The Booty Report

News and Updates for Swashbucklers Everywhere

Arrr, matey! Musk and Stallone be swabbin’ the decks o’ Trump’s feast at Mar-a-Lago this Turkey Day!

2024-11-30

Arrr, me hearties! This Thanksgiving, a motley crew of landlubbers be settin' sail for Mar-a-Lago, includin' the tech treasure hoarder Elon Musk, the brawny Rocky himself Sylvester Stallone, and that dashing Canadian captain, Justin Trudeau! A feast fit for the fiercest pirates, I say!
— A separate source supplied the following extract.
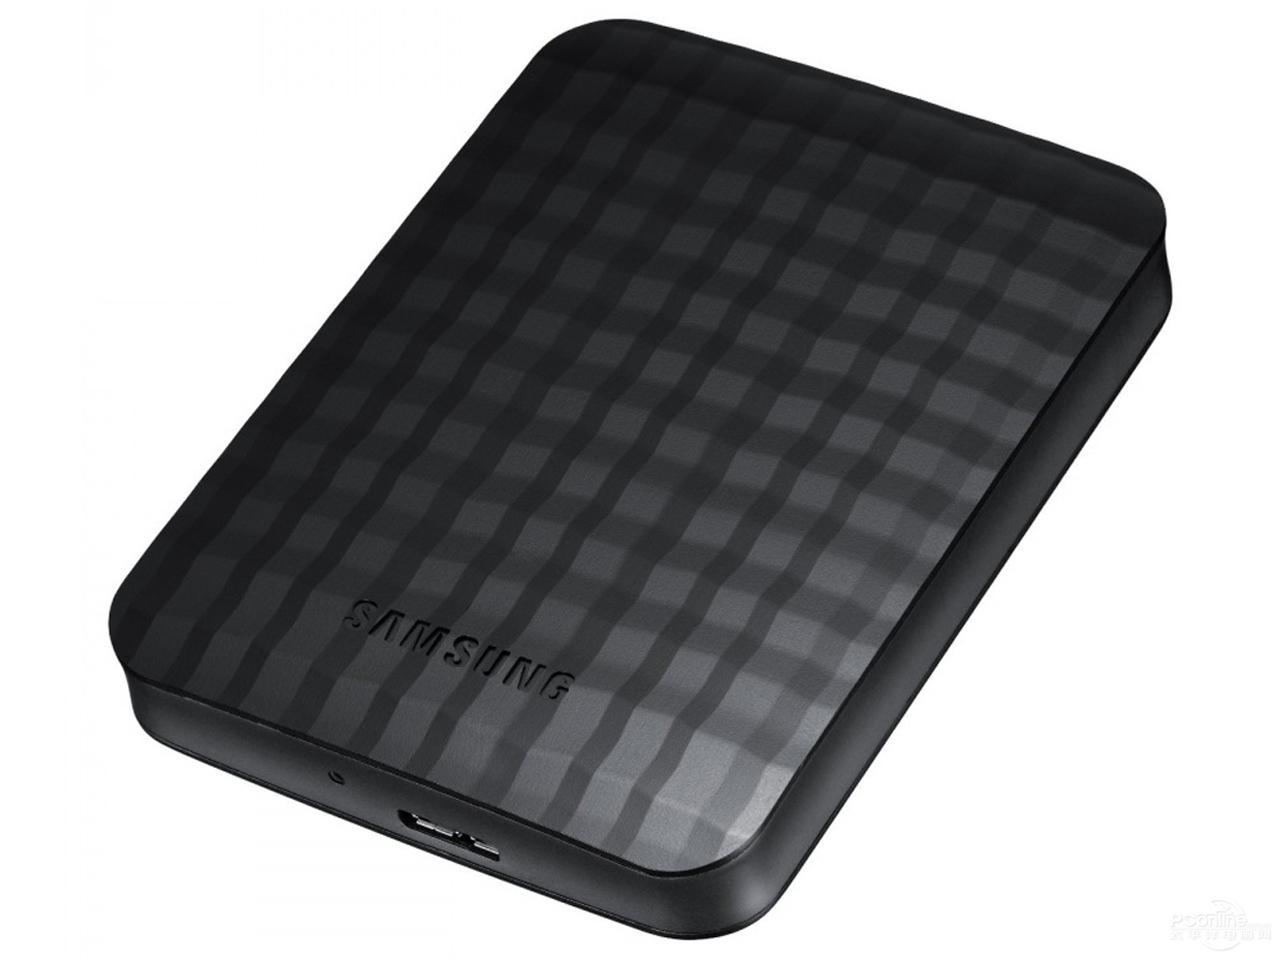 Disque dur externe Samsung USB 3.0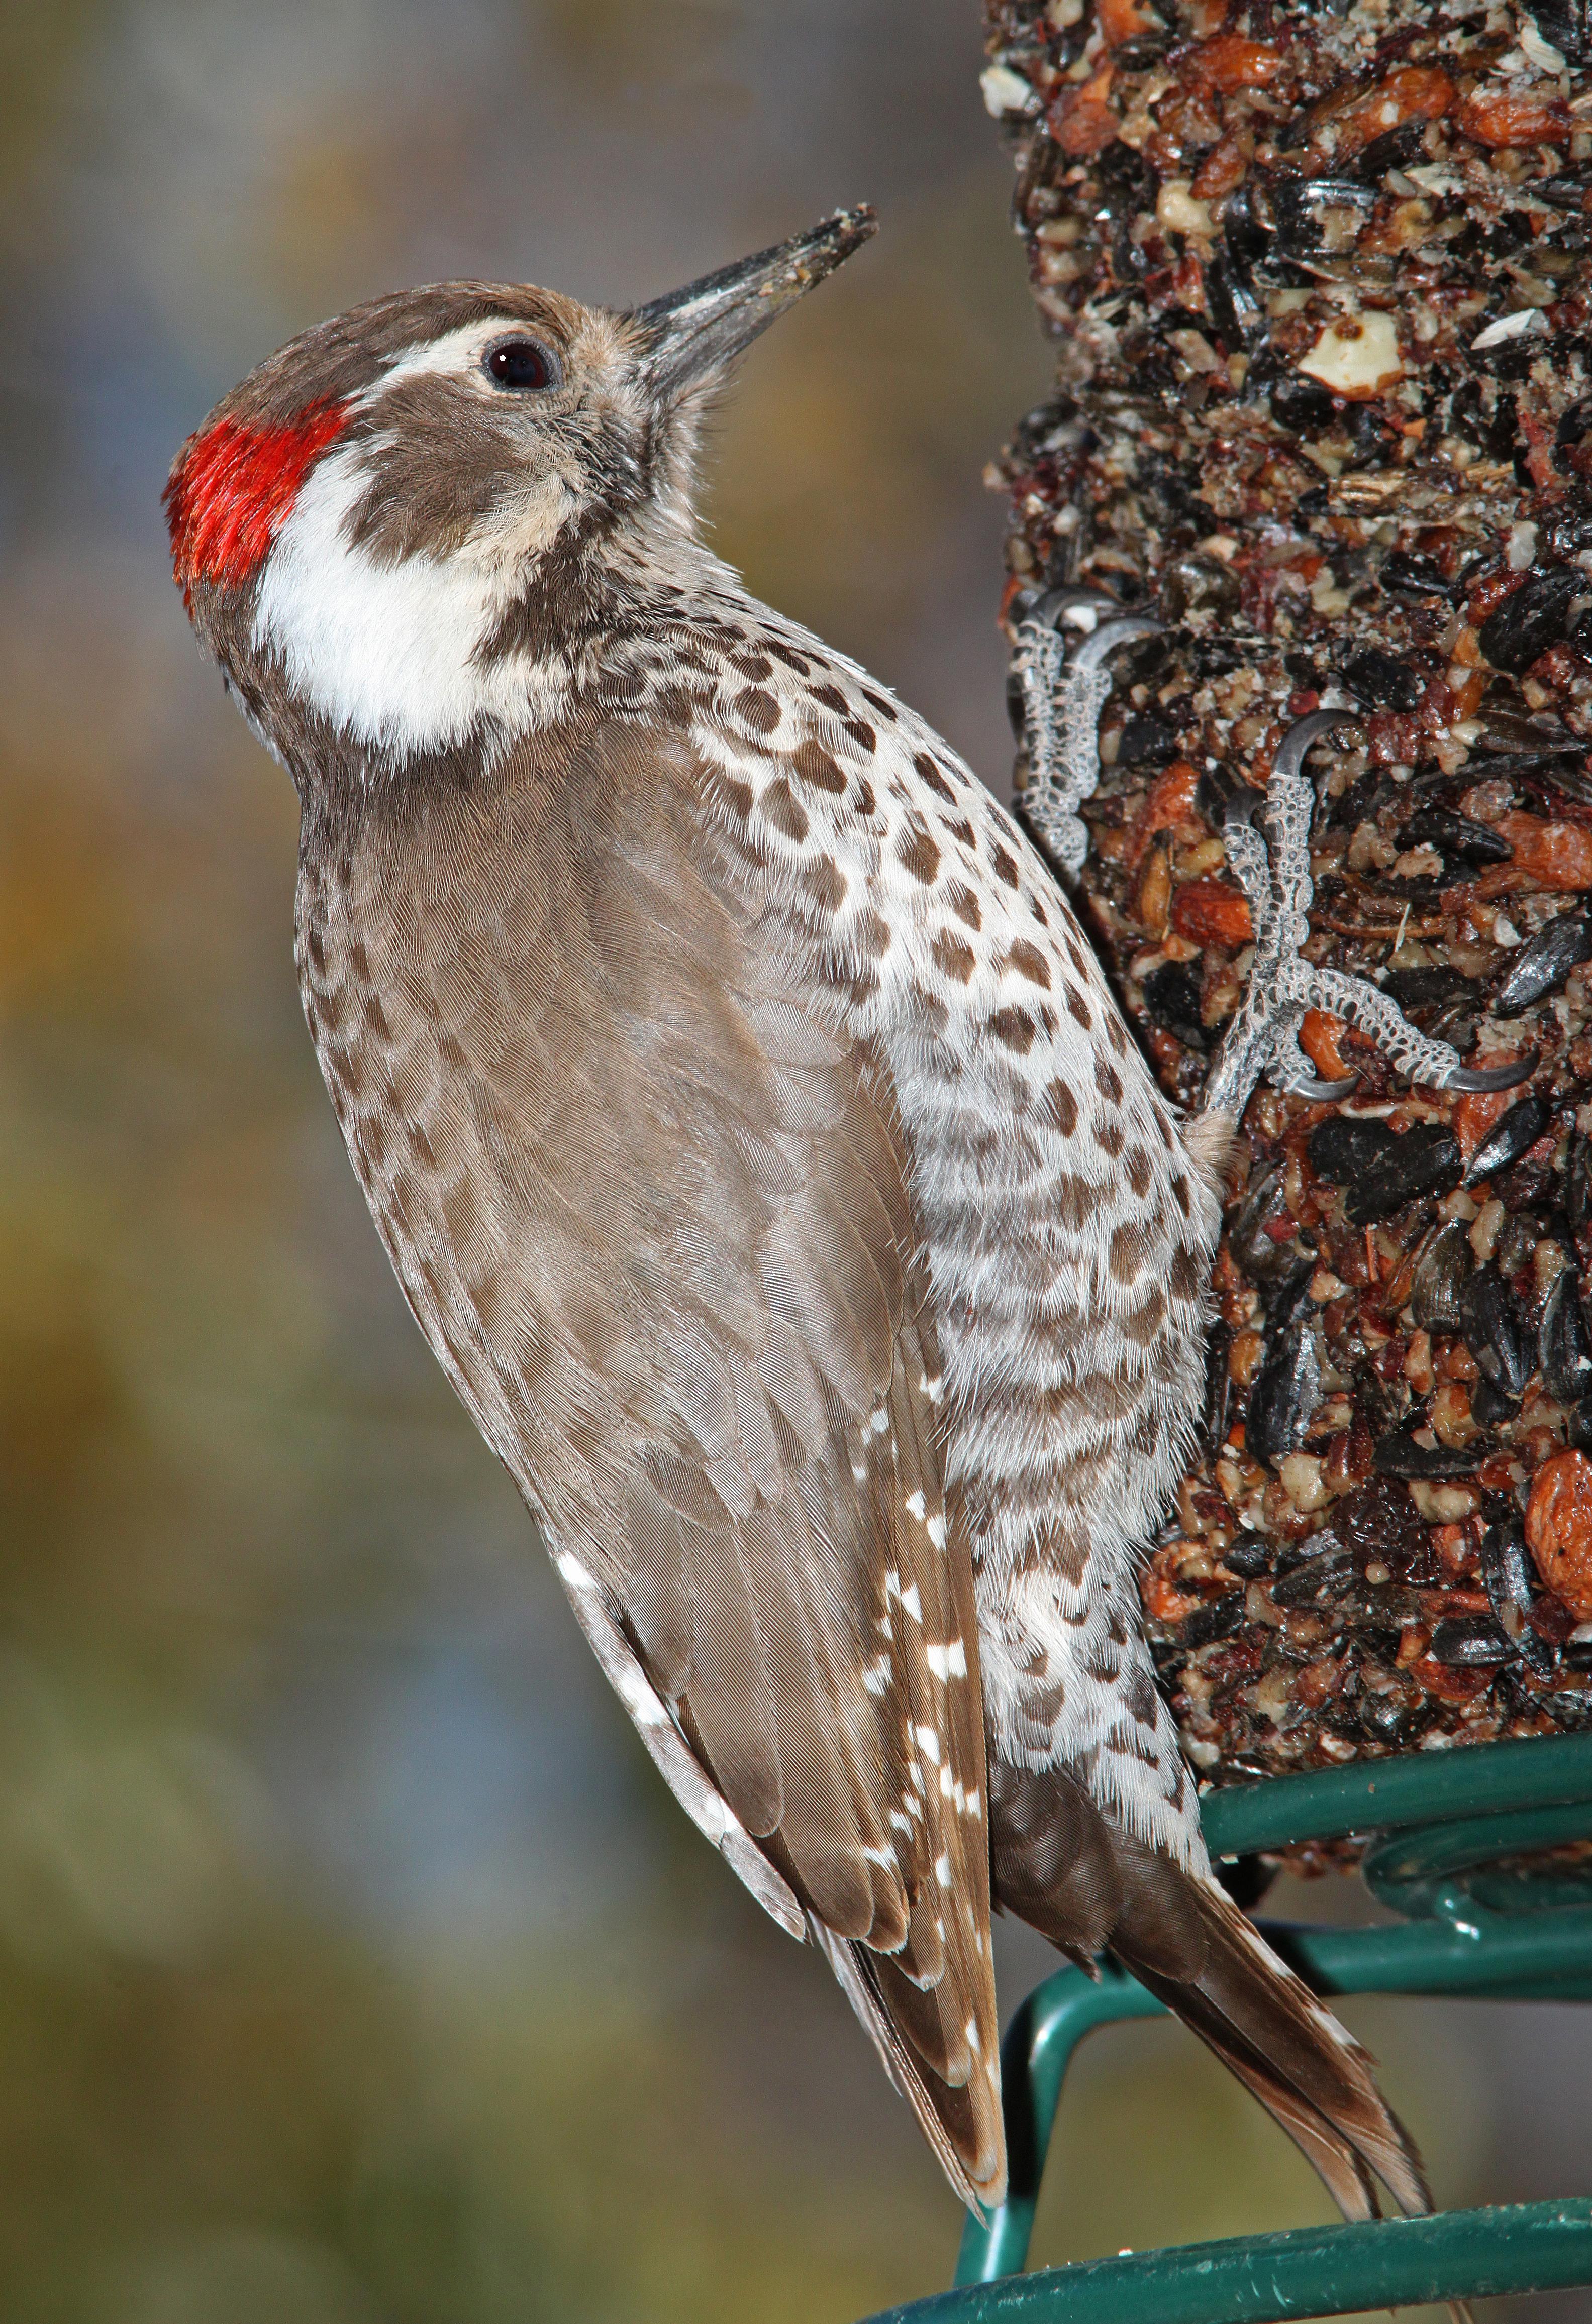 537 - arizona woodpecker (3-23-11) sierra vista, cochise co, az (1) photo

Arrr, mateys, gather 'round fer a tale o' merriment from the high seas o' Mar-a-Lago! It be buzzin' like a hive o' busy bees since the grand victory of President-elect Trump over that scallywag Vice President Harris. This Thanksgiving, the place was swarmed with fancy folk like Elon Musk, Sylvester Stallone, and the dashing Justin Trudeau, who be lookin' to parley o'er turkey and fixin's.On a fine Thursday, Trump himself hosted a grand feast, and lo and behold, he be cuttin' loose to the tune of "Y.M.C.A." like a true jolly captain! There he was, thumpin' on a table and givin' Musk a hearty pat on the back, as the pair raised their fists in joyous song. The Trump family strutted in, and the air was thick with the scent of turkey and lavish decor, enough to make a pirate's heart swell!With over 300 revelers, the night be filled with laughter, dance, and even a toast from Musk. Trudeau, on the sly, joined the festivities amidst talk o' tariffs and trade, makin' it a night of both mirth and matters of state. Aye, what a spectacle it be, with all the fixin's fit for a king and a ruckus the likes of which ye wouldn’t believe!